# Roof Leaking at Step Flashing



## Bossssss (Aug 14, 2020)

I have a roof leaking at the step flashing, where an upper-level wall/siding intersects with a lower level roofline (garage roof). The siding was replaced 2 years ago and I can see that they used nails to attach the j-channel at the bottom of the wall along the roofline. So more than likely those nails are going through the step flashing. Do you think that it could be leaking at those nail holes? The roof was replaced maybe ~15 years ago and I’m guessing the step flashing it at least that old (the home was built in 1993). Any advice would be much appreciated.

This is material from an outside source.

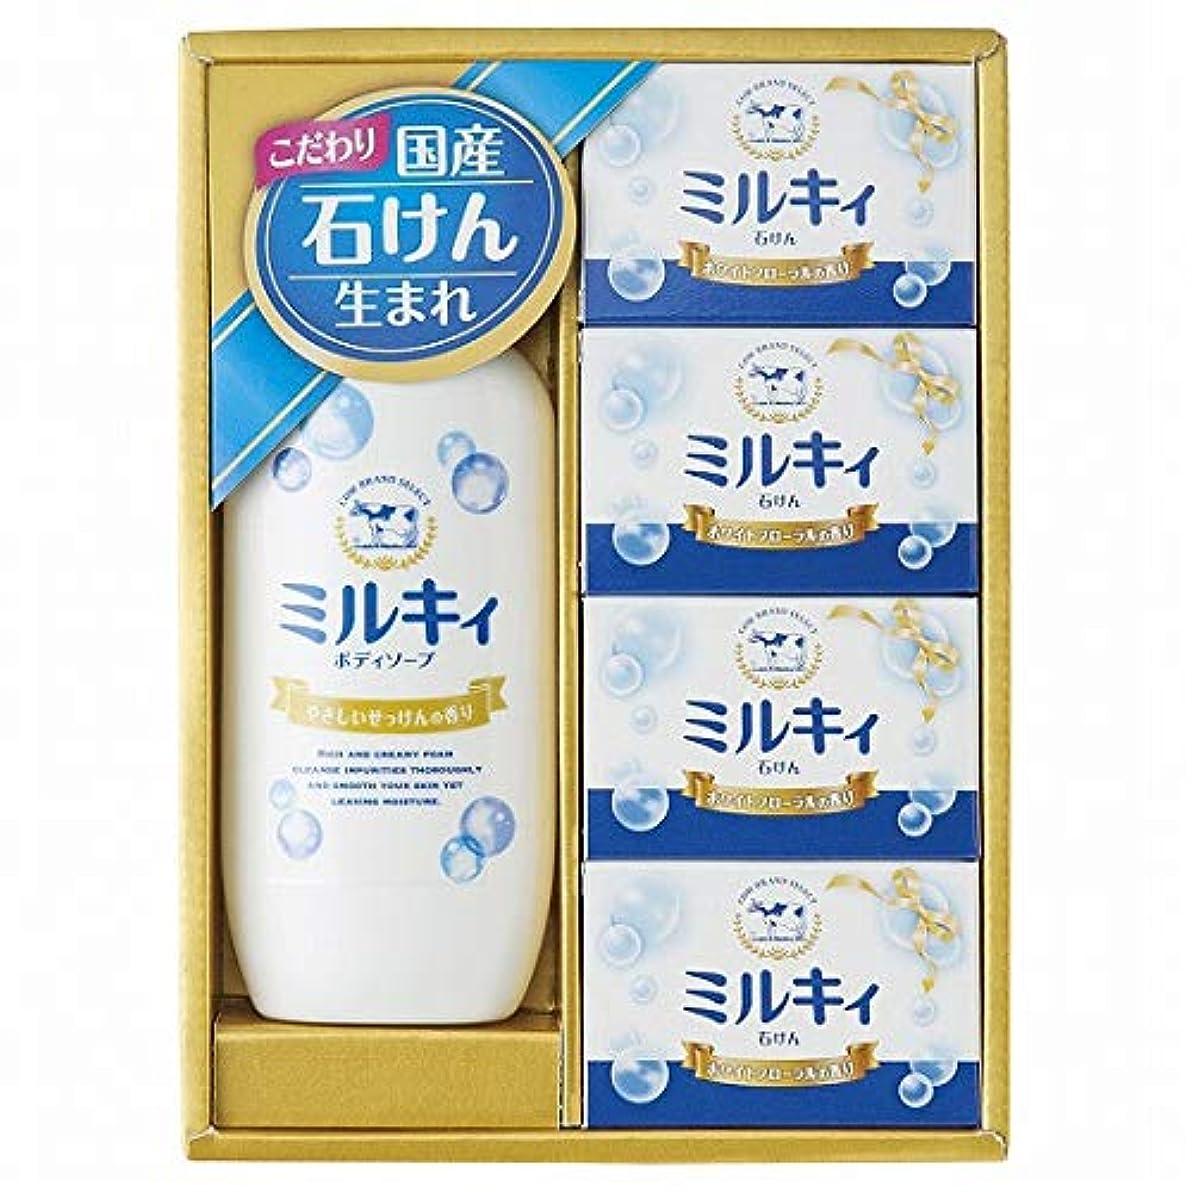 署名グローブ挨拶する牛乳石鹸 カウブランドセレクトギフトセット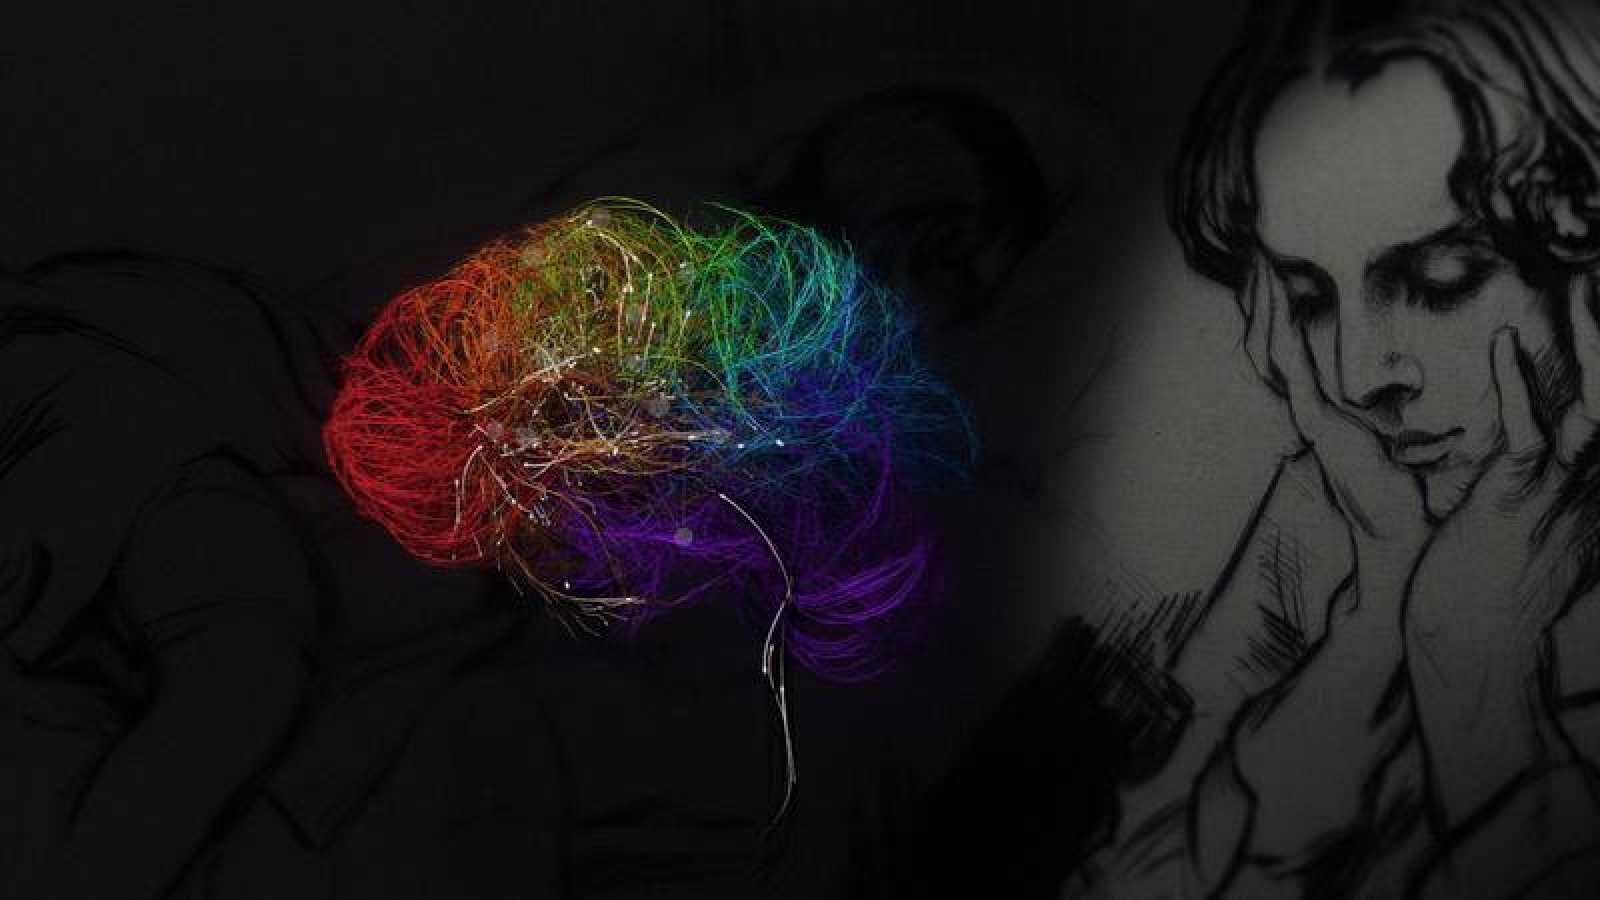 'La noche temática'  dedicada a la depresión

Here are some pics for reference.
https://photos.app.goo.gl/T75266fCvYzXahVy7 6

Thanks for the help!


----------



## roofermann (Jul 7, 2012)

Your pic link is broken. Try uploading your pic/s to an image host and posting that link. Imgur is safe and user friendly.


https://imgur.com/


----------



## Bossssss (Aug 14, 2020)

Sorry the link was broken. Here is an updated link.
https://photos.app.goo.gl/T75266fCvYzXahVy7


----------



## roofermann (Jul 7, 2012)

You are probably correct in assuming there's a problem with the step flashing at or uphill from where the water is entering the attic.


----------